WORK ITEM -
The data below holds a line containing "DIADORA 中童慢跑鞋-超寬楦 DA9AKR7276 - 藍綠螢光黃" and a line containing "Samsung Galaxy A52 first look"; please quote exactly those two lines and every line between them, and nothing else.

RECORDS PROVIDED -
────
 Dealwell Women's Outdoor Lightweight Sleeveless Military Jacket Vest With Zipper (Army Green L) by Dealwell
────
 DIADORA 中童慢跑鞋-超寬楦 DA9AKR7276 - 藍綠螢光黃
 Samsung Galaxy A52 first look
────
EXERCISE OUTPUT -
 DIADORA 中童慢跑鞋-超寬楦 DA9AKR7276 - 藍綠螢光黃
 Samsung Galaxy A52 first look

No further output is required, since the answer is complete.